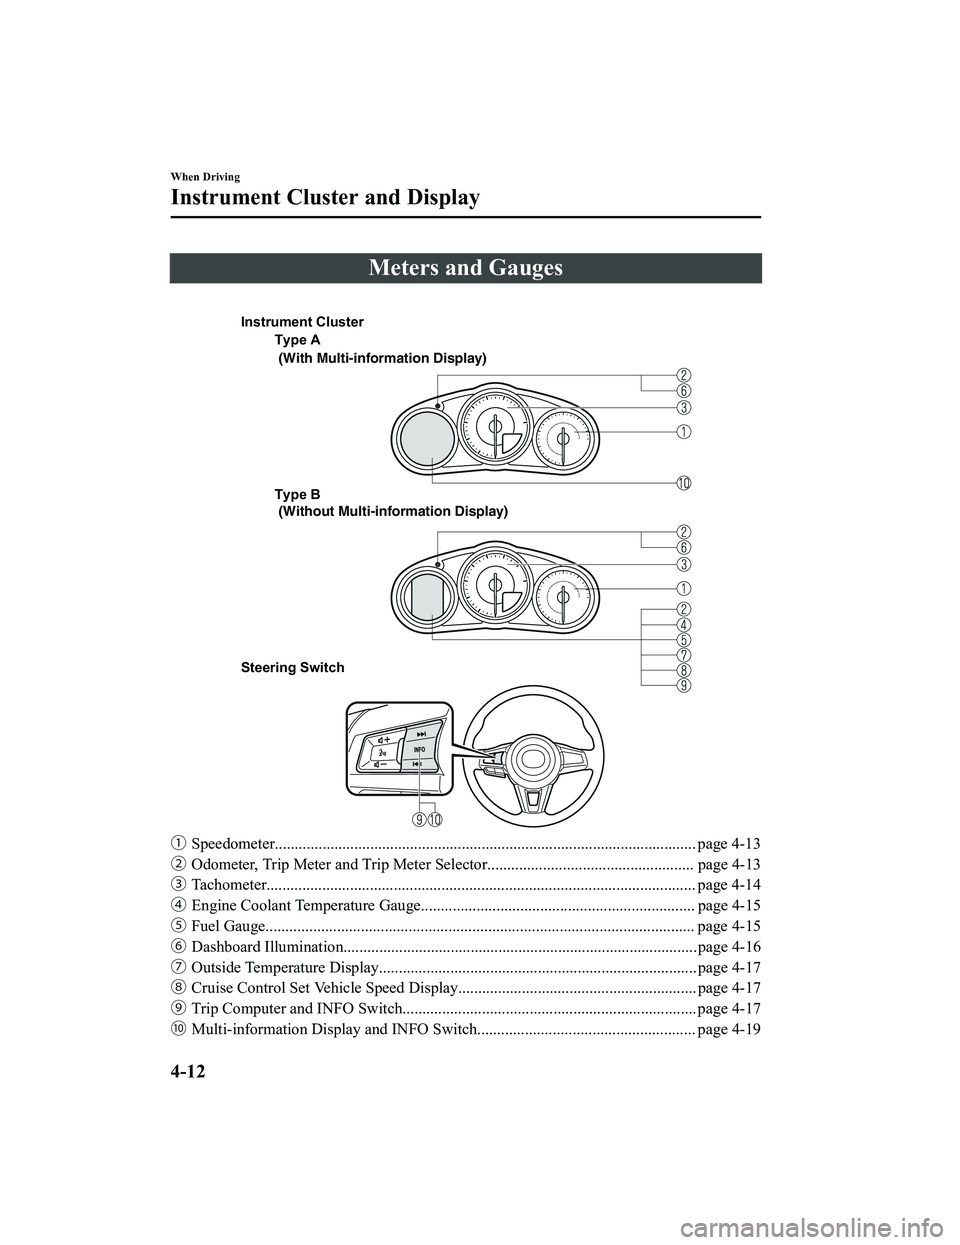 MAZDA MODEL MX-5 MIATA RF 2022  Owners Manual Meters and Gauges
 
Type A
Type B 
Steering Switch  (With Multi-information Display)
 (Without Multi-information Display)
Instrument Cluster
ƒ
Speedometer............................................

━━━━━━━━━━

◆ **Your goal**:
The entries above need to be printed again exactly; please exclude all pictures.

◆ **Answer to this exercise**:
 MAZDA MODEL MX-5 MIATA RF 2022  Owners Manual Meters and Gauges
 
Type A
Type B 
Steering Switch  (With Multi-information Display)
 (Without Multi-information Display)
Instrument Cluster
ƒ
Speedometer............................................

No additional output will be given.